From the entries below, reproduce exactly the lines from the one with "Prediksi Sao Paulo vs Palmeiras 21 Juni 2022" through the one with "Neue Justiz (NJ), Zeitschrift", both included, without images.
Given data Start Marker
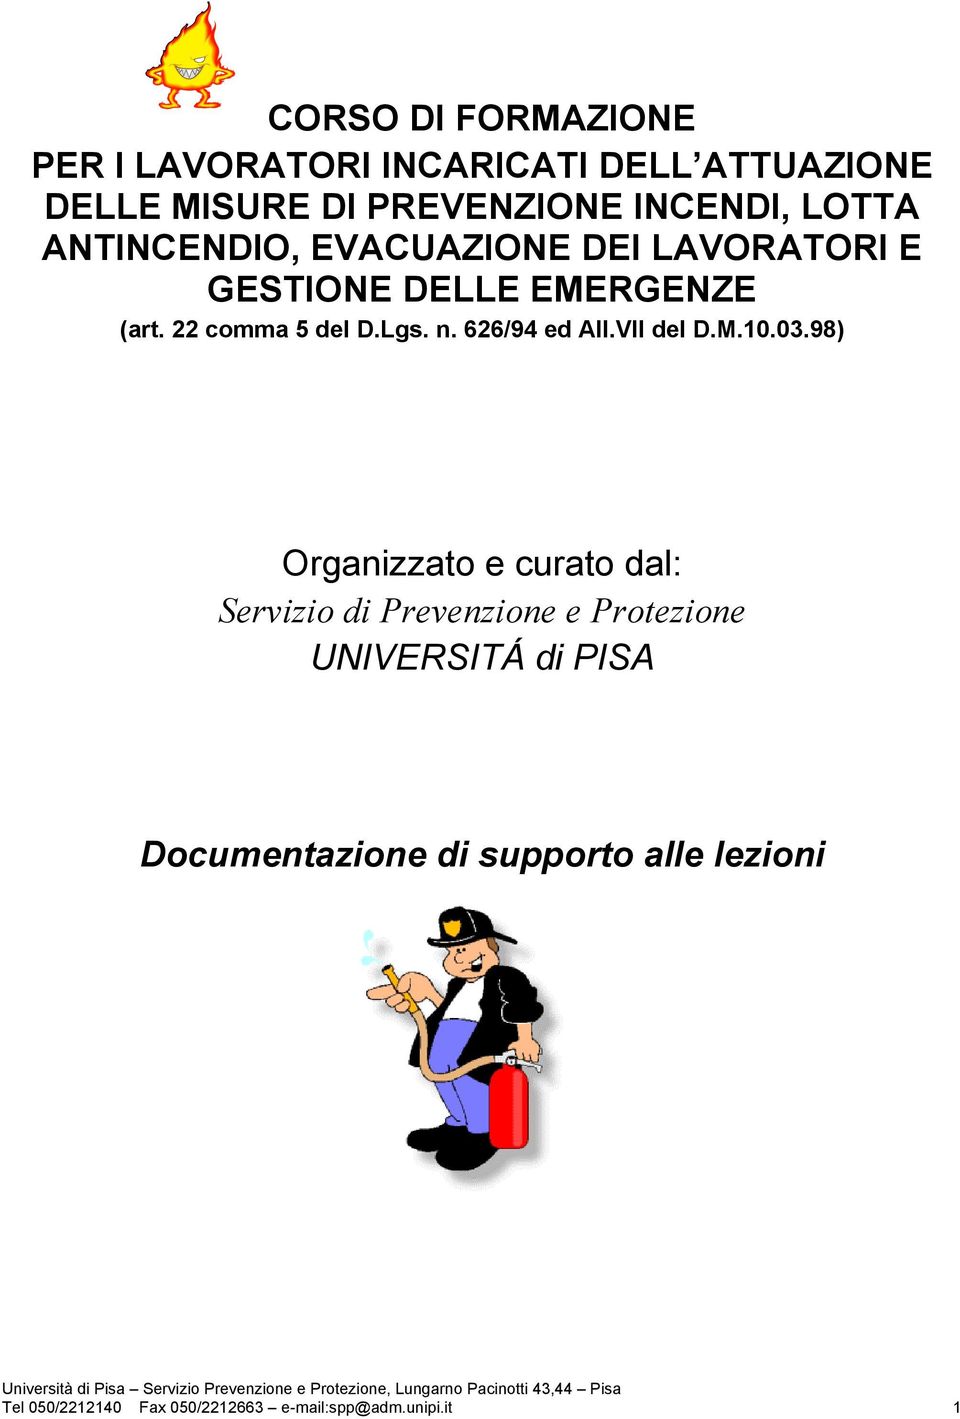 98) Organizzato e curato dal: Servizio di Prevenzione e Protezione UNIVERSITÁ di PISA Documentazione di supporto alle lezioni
Given data End Marker
Given data Start Marker
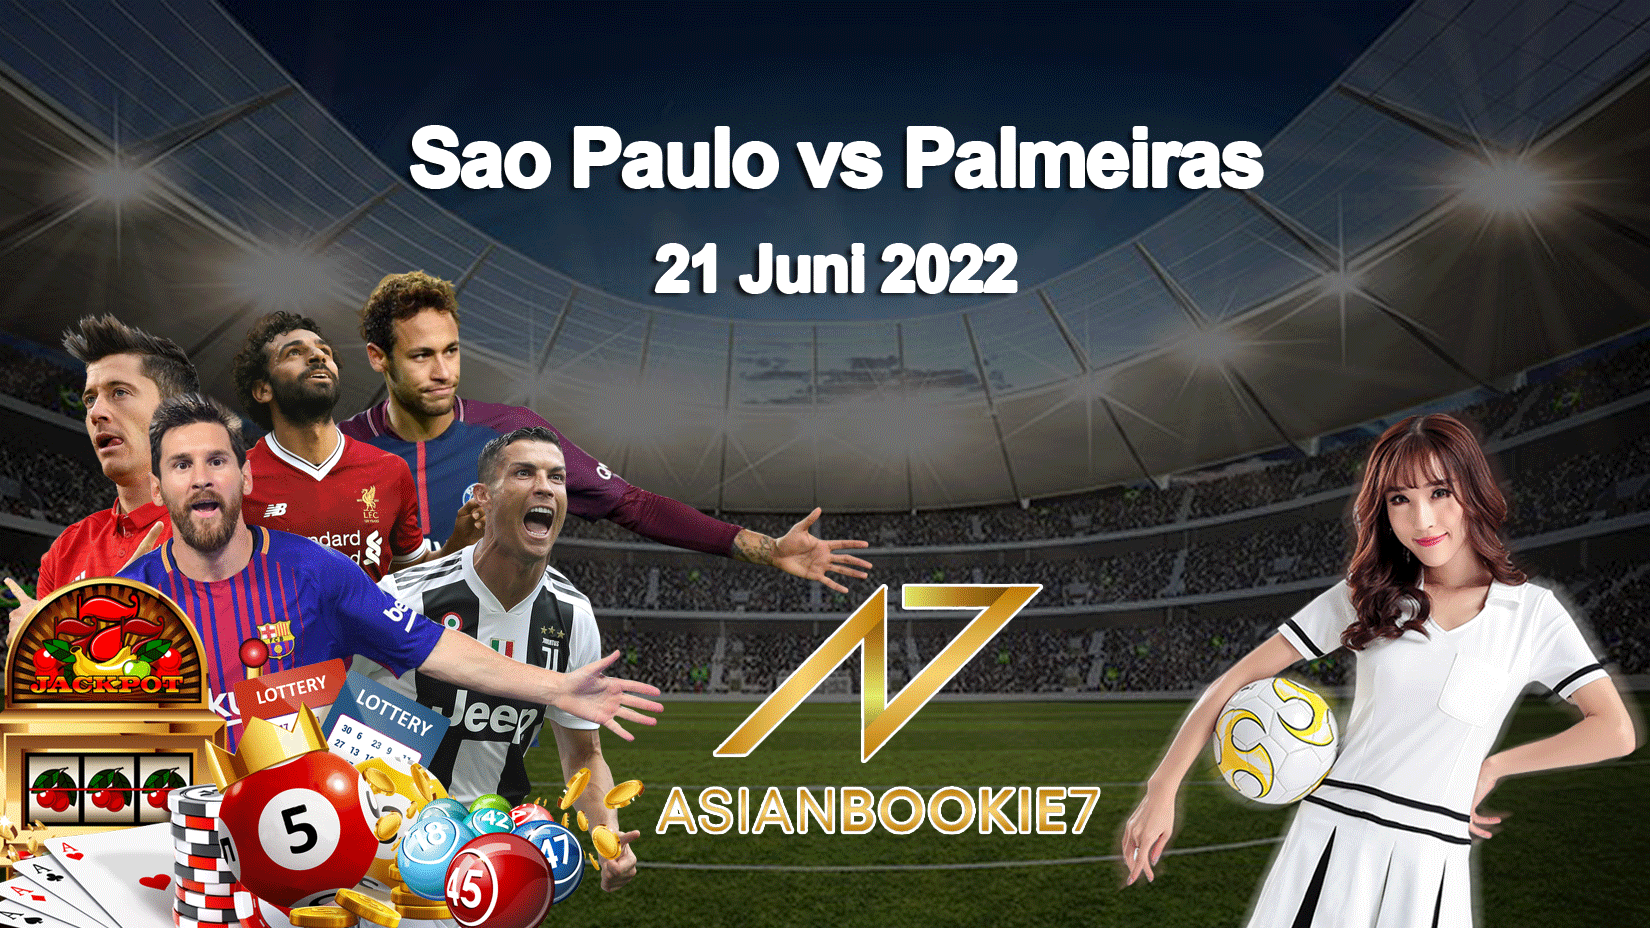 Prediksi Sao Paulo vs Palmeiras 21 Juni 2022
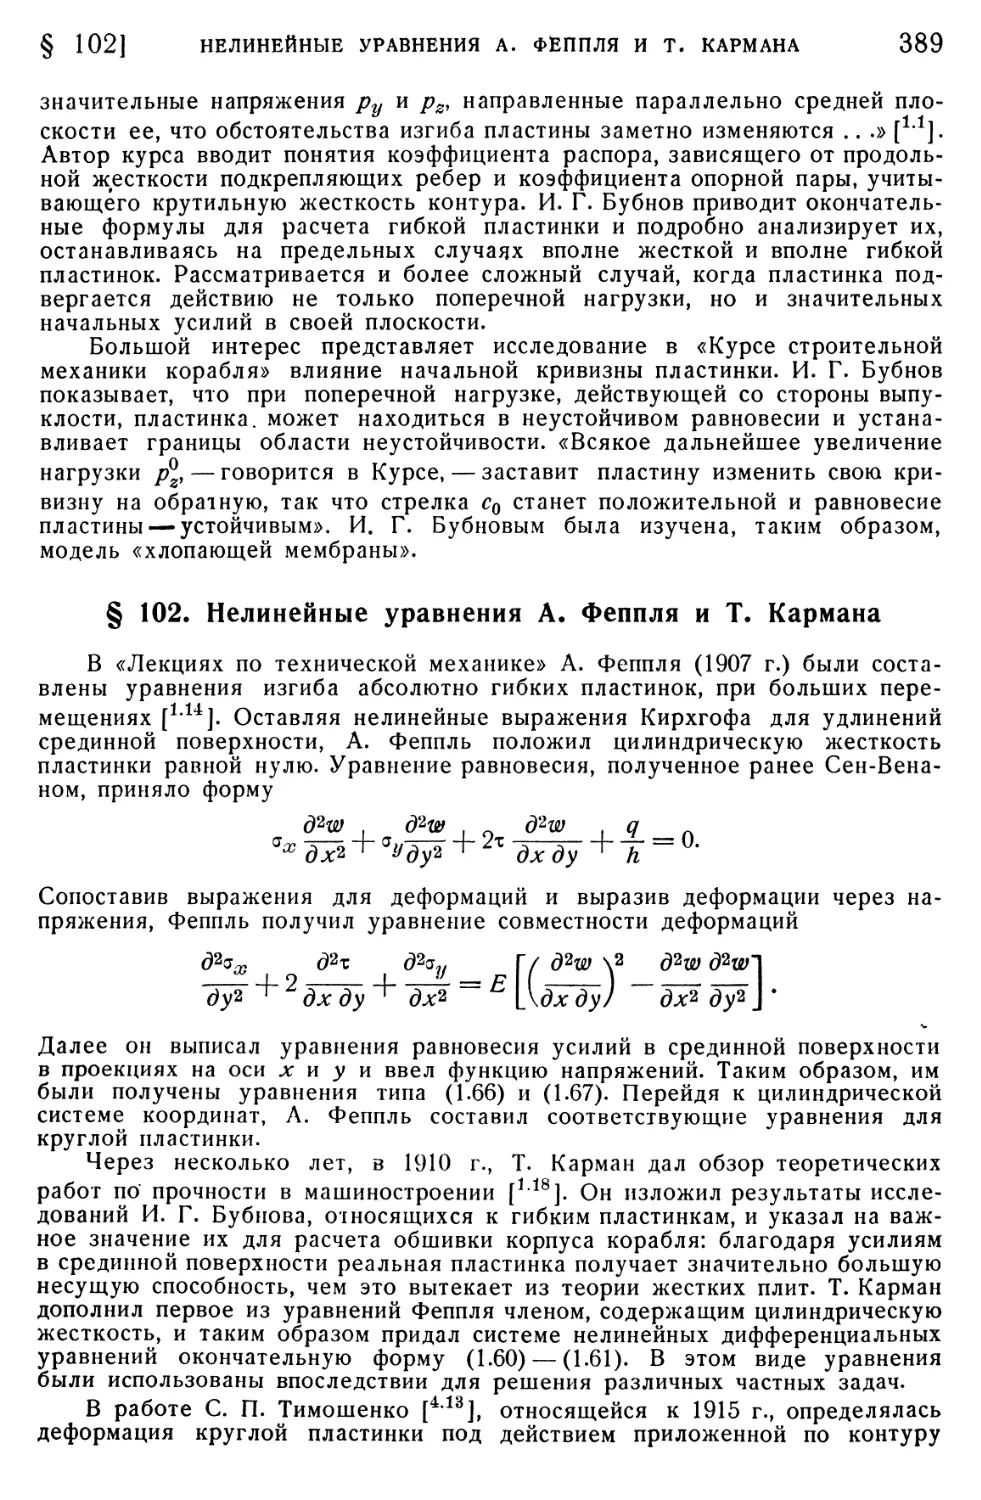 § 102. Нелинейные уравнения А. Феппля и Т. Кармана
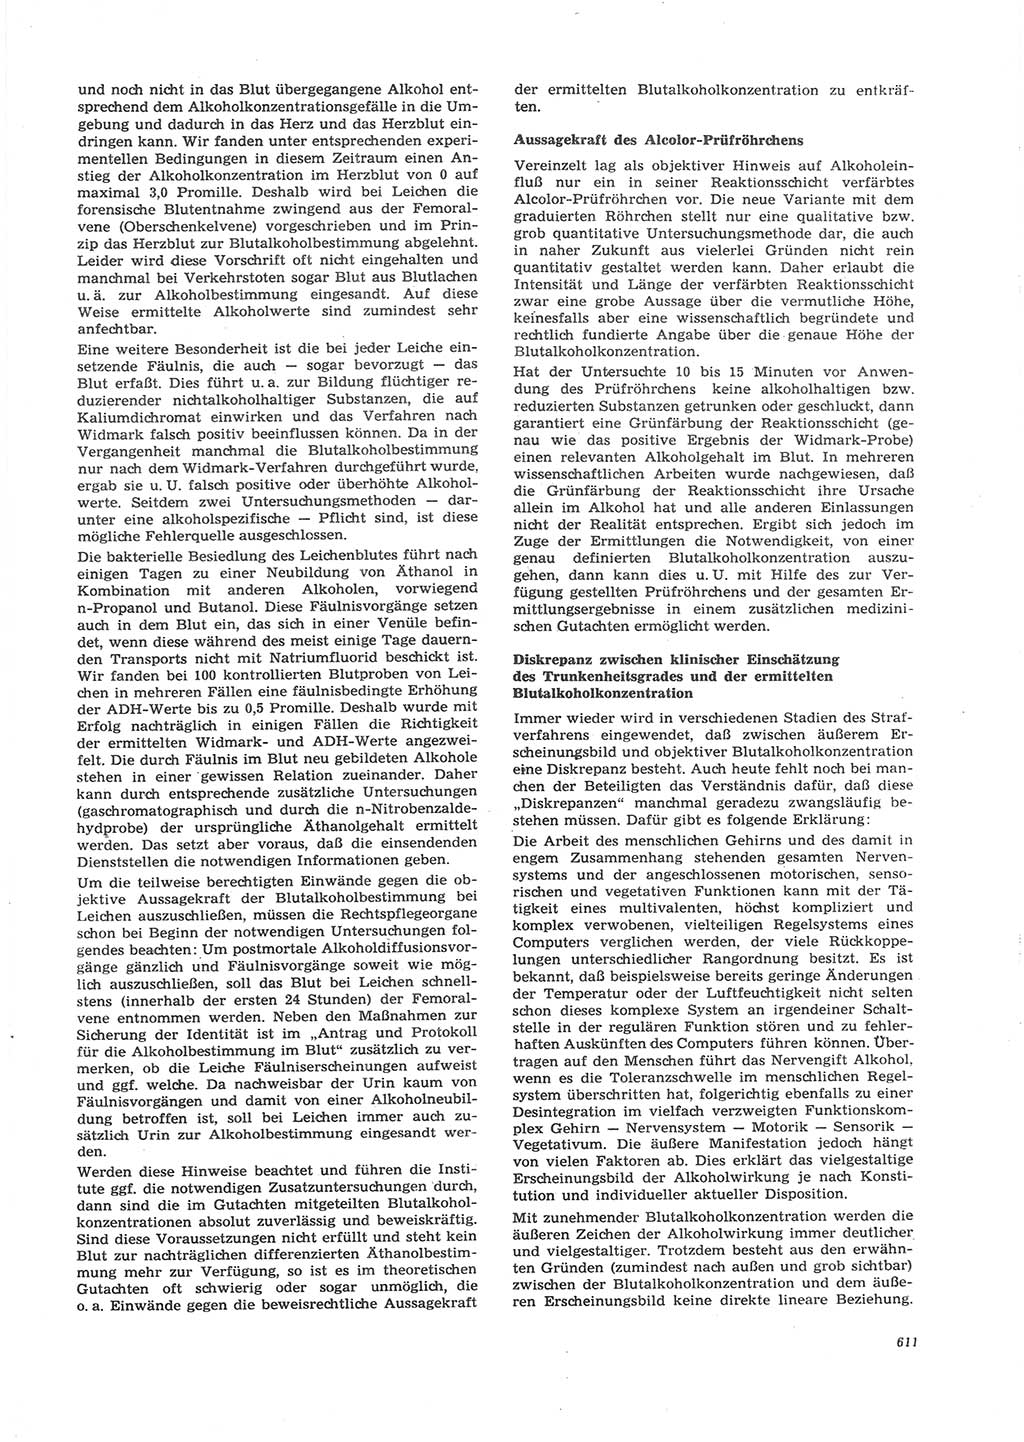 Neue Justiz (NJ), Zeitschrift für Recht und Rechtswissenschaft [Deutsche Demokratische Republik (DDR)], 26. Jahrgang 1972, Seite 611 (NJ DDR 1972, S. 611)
Given data End Marker
Given data Start Marker
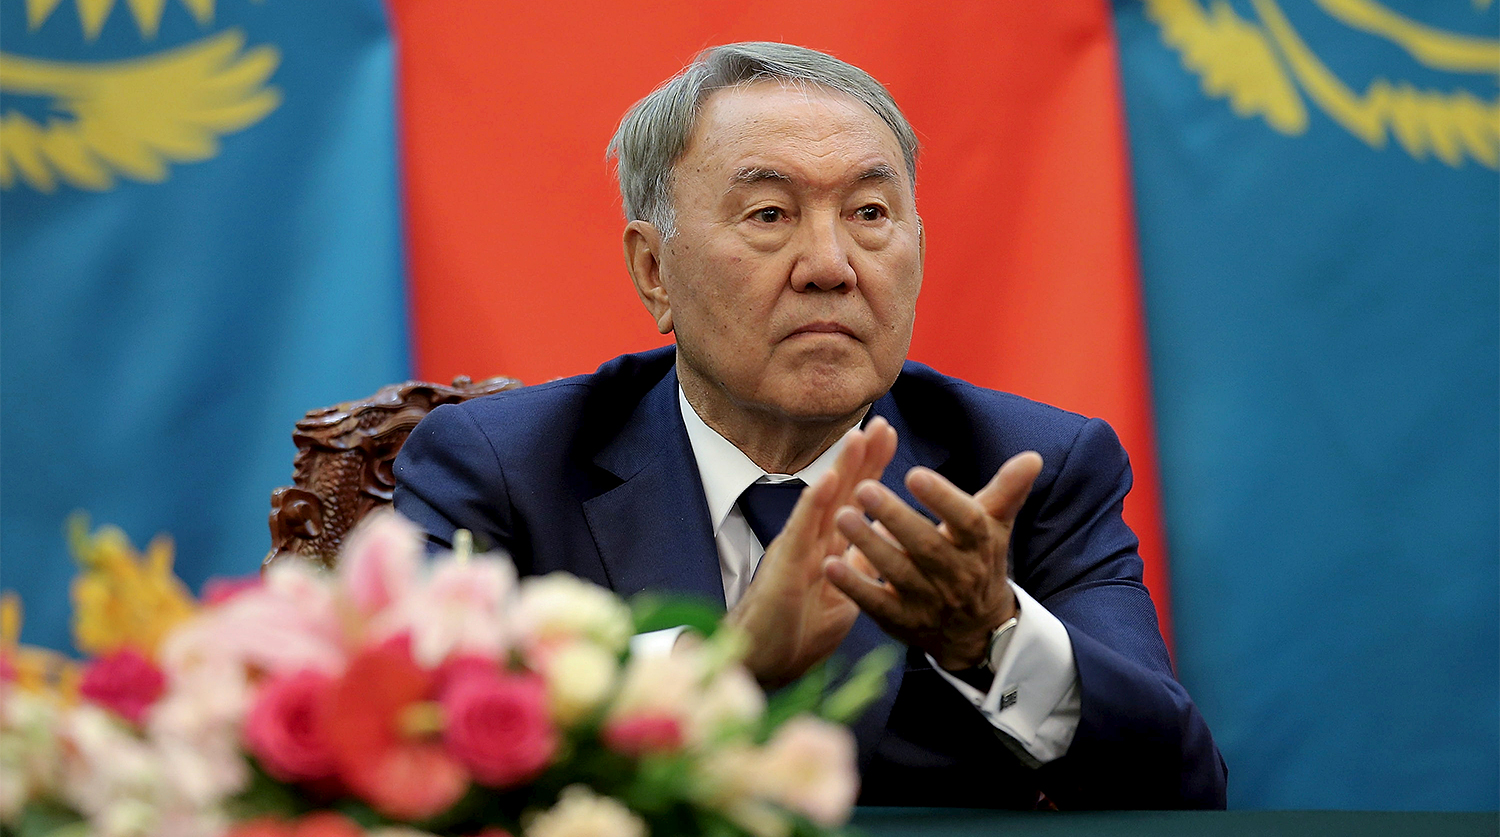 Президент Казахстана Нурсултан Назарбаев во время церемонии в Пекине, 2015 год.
Given data End Marker
▶ Answer space
 Prediksi Sao Paulo vs Palmeiras 21 Juni 2022
 § 102. Нелинейные уравнения А. Феппля и Т. Кармана
 Neue Justiz (NJ), Zeitschrift für Recht und Rechtswissenschaft [Deutsche Demokratische Republik (DDR)], 26. Jahrgang 1972, Seite 611 (NJ DDR 1972, S. 611)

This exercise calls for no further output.